Several recent studies have begun to explore the neurobiological basis of
serial learning and memory in rats. They suggest how serial learning
processes might be integrated into more general neurobiologically based
models of learning and memory. In one study, Olton, Shapiro, and Hulse
(1984) tested rats' sequential
memory. Four quantities of food 14, 7, 1, and 0 pellets of food were
placed in the goal boxes at the ends of the four arms of a plus maze.
Rats were allowed to choose freely among the arms and over a period of
days learned to choose the large quantities of food first and the smallest
quantities of food last. Thus rats had encoded a stimulus alphabet of
four elements and had also learned an orderly response to the four
elements as they were distributed in four spatial locations represented by
the four goal boxes of the plus maze. Once rats had learned this task,
they were given lesions of the fimbria‑fornix (FFx), the major extrinsic
pathway of the hippocampus. Subsequent testing showed that the rats could
remember to search out the quantities in the order in which they had
previously learned them. In other words, rats would go first to 14, then
to 7, then to 1, then to the arm containing 0 pellets of food. However,
if before given a free choice in the maze the rats were required to sample
one or more of the quantities out of order in a forced choice procedure,
they subsequently failed to remember having sampled the quantities when
they were tested in the free choice test.
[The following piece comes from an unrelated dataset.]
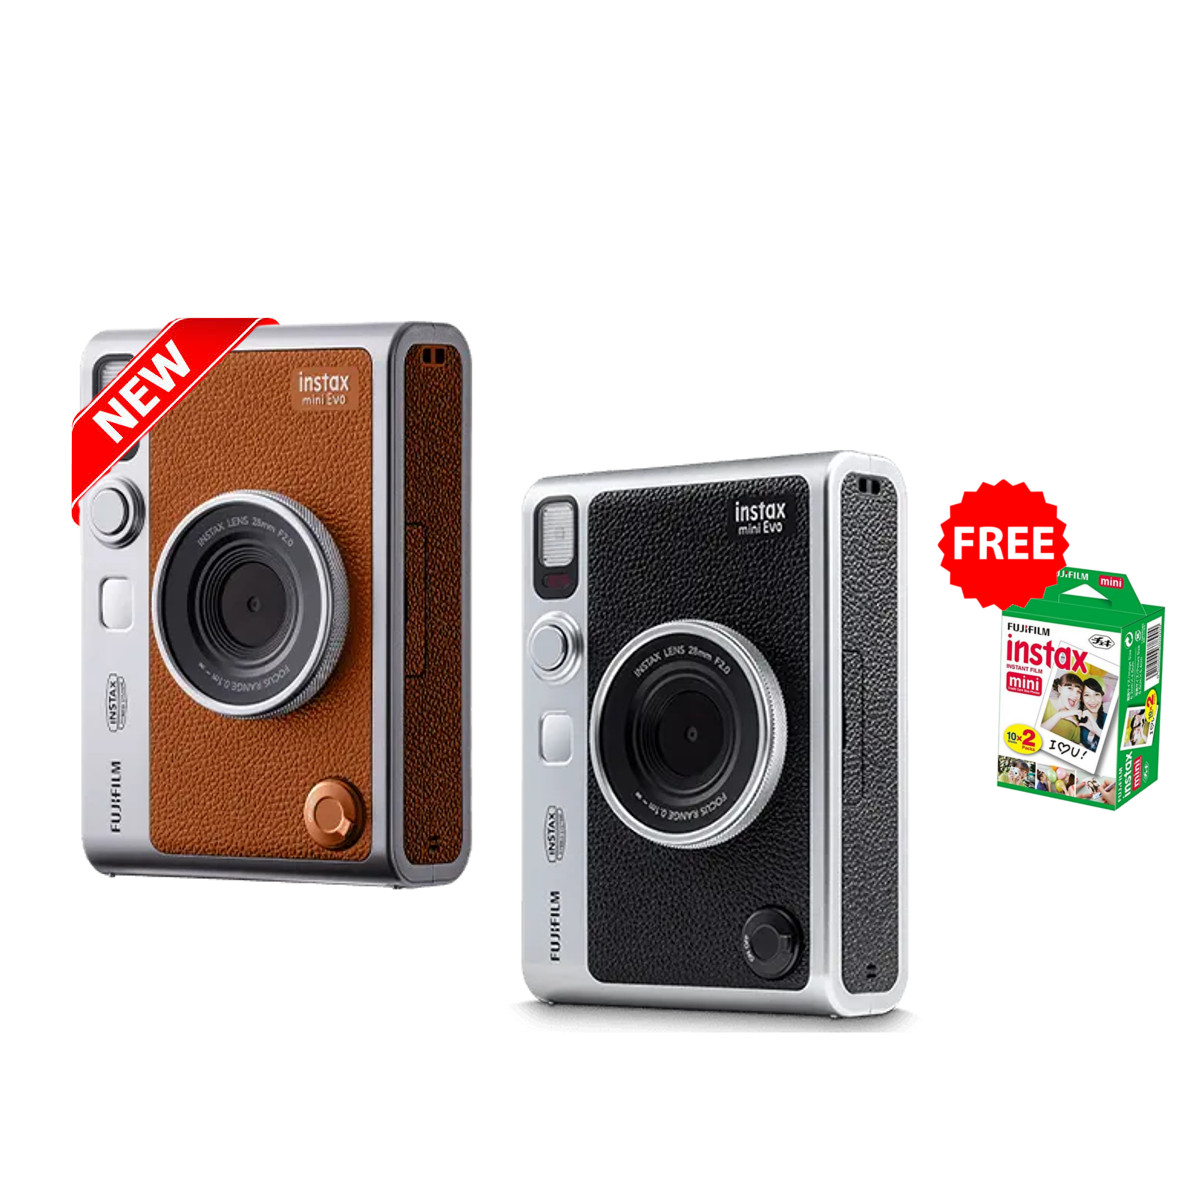 Fujfilm Instax Mini Evo Hybrid Instant Camera with Bluetooth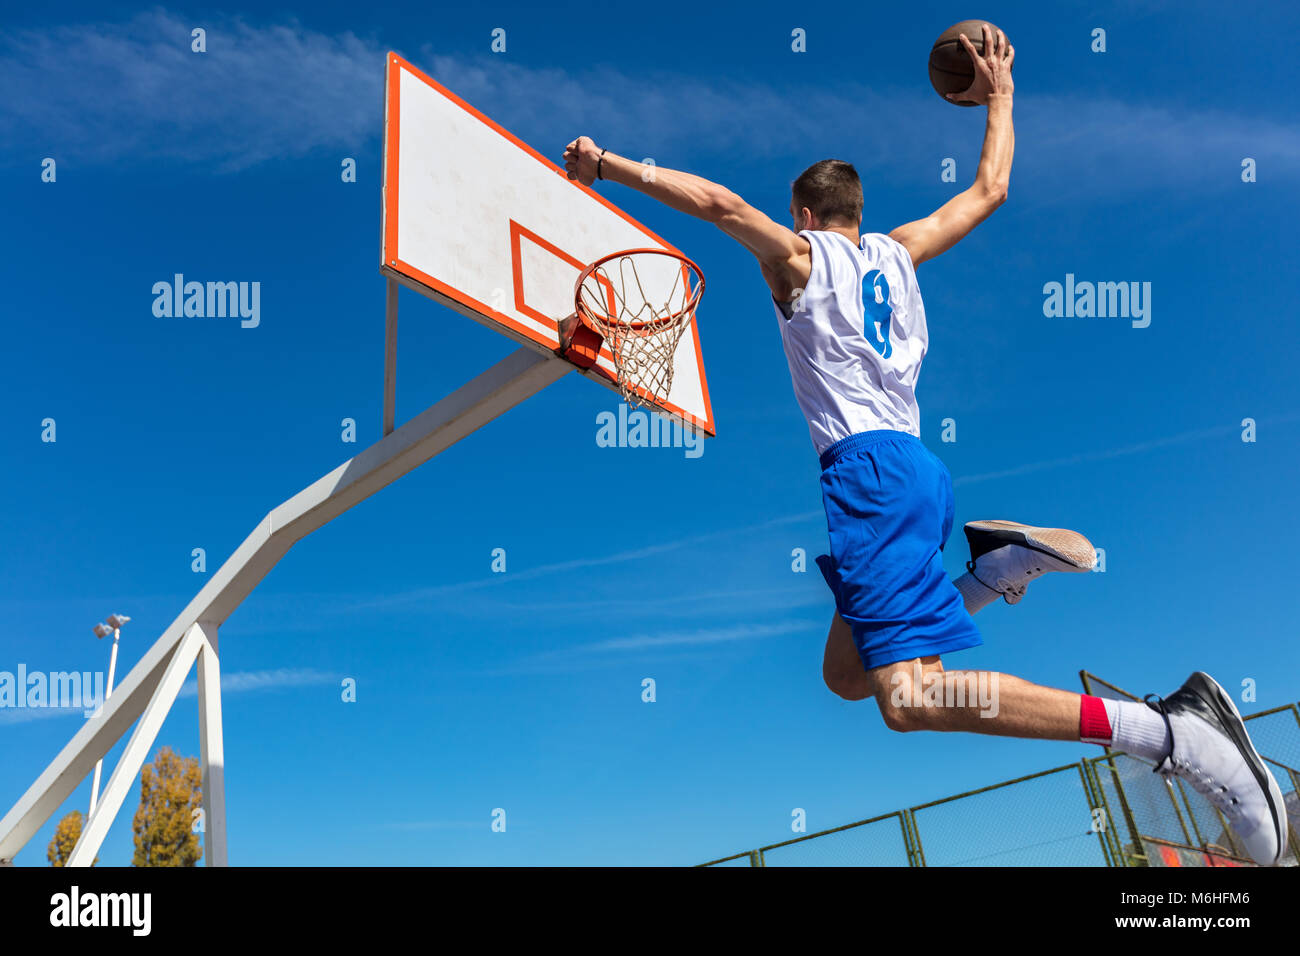 Young Basketball street player making slam dunk Stock Photo

For example, if a rat were
allowed to retrieve the 1‑pellet quantity before being given the free
choice test, when the rat was allowed to make a free choice among the
arms, the rat went first to 14, then to 7, then to 1 just as if it had
never sampled the 1‑pellet quantity in the preexposure. These kinds of
mistakes indicated that rats had no memory for previously sampling food
quantities from the maze before the free choice. However, subsequent
tests showed that rats could remember elements sampled in preexposure as
long as the quantities were received in the order in which they had
originally learned them. For example, if a rat was first preexposed to
the arms containing 14 and 7 pellets of food, when given a free choice,
the rat would not run down the arms previously containing 14 and 7, but
would go immediately to 1 and then 0. Thus FFx‑lesioned rats could
remember elements presented in order, but could not remember elements
presented out of the order originally learned. These results are
consistent with Olton et al.’s (1984) interpretation that the impairment
produced by FFx lesions was an impairment of working memory, but not
reference memory. They are also consistent with Eichenbaum et al.’s
(1992) idea that hippocampus
mediates representational flexibility, the ability to use
declarative memories flexibly in new configurations, situations, or
tasks. This idea predicts that FFx-lesioned rats should be inflexible in
their use of sequential information learned before surgery, and therefore
they should be impaired in their ability to respond to probe situations
where patterns differed from the training pattern. Yet another
interpretation of Olton et al.’s (1984) results is consistent with the
view that hippocampus mediates item associative processes in SPL, but not
rule-induction and memory for pattern structure
(Fountain, Schenk, & Annau, 1985). According to this latter RL
view, FFx lesions spare information about pattern structure that mediates
responding according to the rule learned in training prior to surgery.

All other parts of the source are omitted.